- Developer(s): Infocom
- Publisher(s): Infocom
- Designer(s): Marc Blank Michael Berlyn Poh C. Lim Paula Maxwell
- Engine: GZIP - Graphical Zork Interpreter Program
- Platform(s): Apple II, Atari 8-bit, MS-DOS
- Release: 1985
- Genre(s): Board game
- Mode(s): Multiplayer

= Fooblitzky =

1985 video game

Fooblitzky is a board game-style video game published by Infocom in 1985 and designed by a team which included interactive fiction authors Marc Blank and Michael Berlyn. It is unique among Infocom titles for not being interactive fiction and for being the first to incorporate graphics beyond ASCII characters. Unlike most Infocom games, it was only released for the Apple II, Atari 8-bit computers, and IBM PC compatibles.

==Gameplay==
Infocom marketed Fooblitzky as a "Graphic Strategy Game", and gameplay was compared to that of Clue and Mastermind. Two to four players travel around the virtual city of Fooblitzky, spending "foobles" and attempt to deduce what four objects are needed to win the game (and then obtain them).

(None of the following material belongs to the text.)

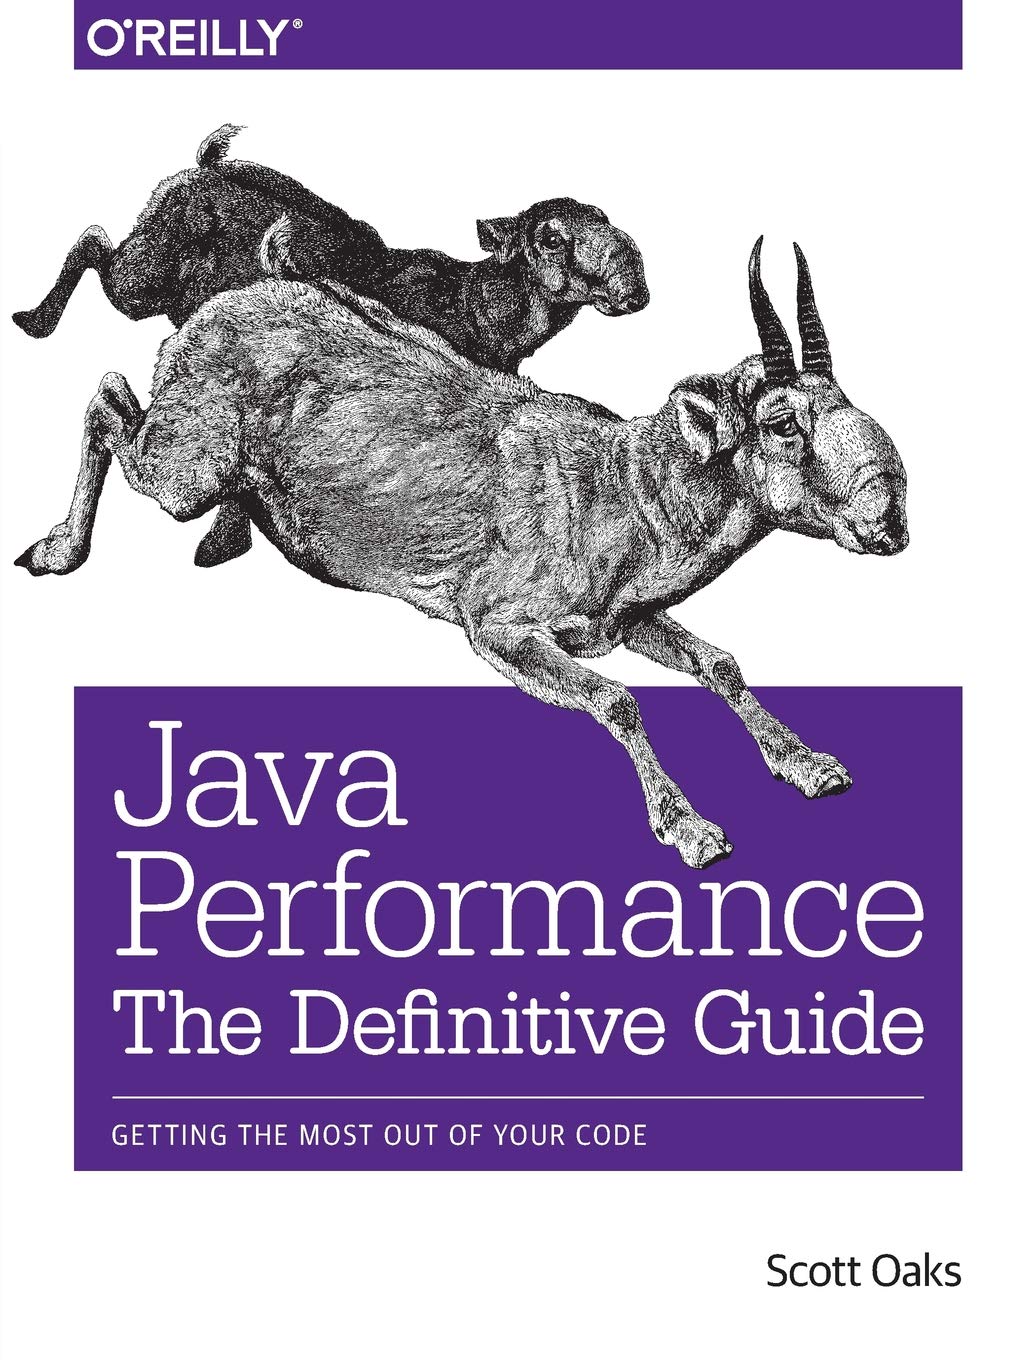 he Definitive Guide to Java Performance

Players buy objects in stores and can visit City Hall to have their possessions evaluated. Much in the same style as Mastermind, the player is told how many of their objects are correct, but not which ones.

==Release==
Each box contained four sets of laminated game boards and erasable markers which could be used to track the progress of a game. Two sets of documentation were also included: a set of "quick-start" guidelines ("The Bare Essentials") and a more detailed set ("Official Ordinances").

==Reception==
As a test, for the first six months, Fooblitzky was only advertised to those on Infocom's mailing list, although others could order it from the company. It sold very poorly; Infocom sold only 8,225 copies through 1986, the fewest of the five titles introduced in 1985, and from 1987 to 1989, the number of copies returned exceeded those sold.

Computer Gaming World called Fooblitzky "a fun way to spend time with a few friends", stating that the advertising comparing it to Mastermind and Clue was correct. It noted that the game began as an Infocom project to see if graphical games could be written for easy porting between computers like the company's text adventures, and criticized the Atari version's resulting graphics as "jerky and slow". COMPUTE! stated "probably no game on the computer software market today gives one the feel of playing a board game as much as does Fooblitzky", adding that the principles Fooblitzky used were the same ones which made Monopoly popular. Cautioning that because it was so different from other computer games "it probably isn't for everyone's tastes", the magazine recommended Fooblitzky for those seeking a game for families to enjoy.

==Legacy==
In Zork Zero, one of the possible magic words needed to win the game is fublitskee.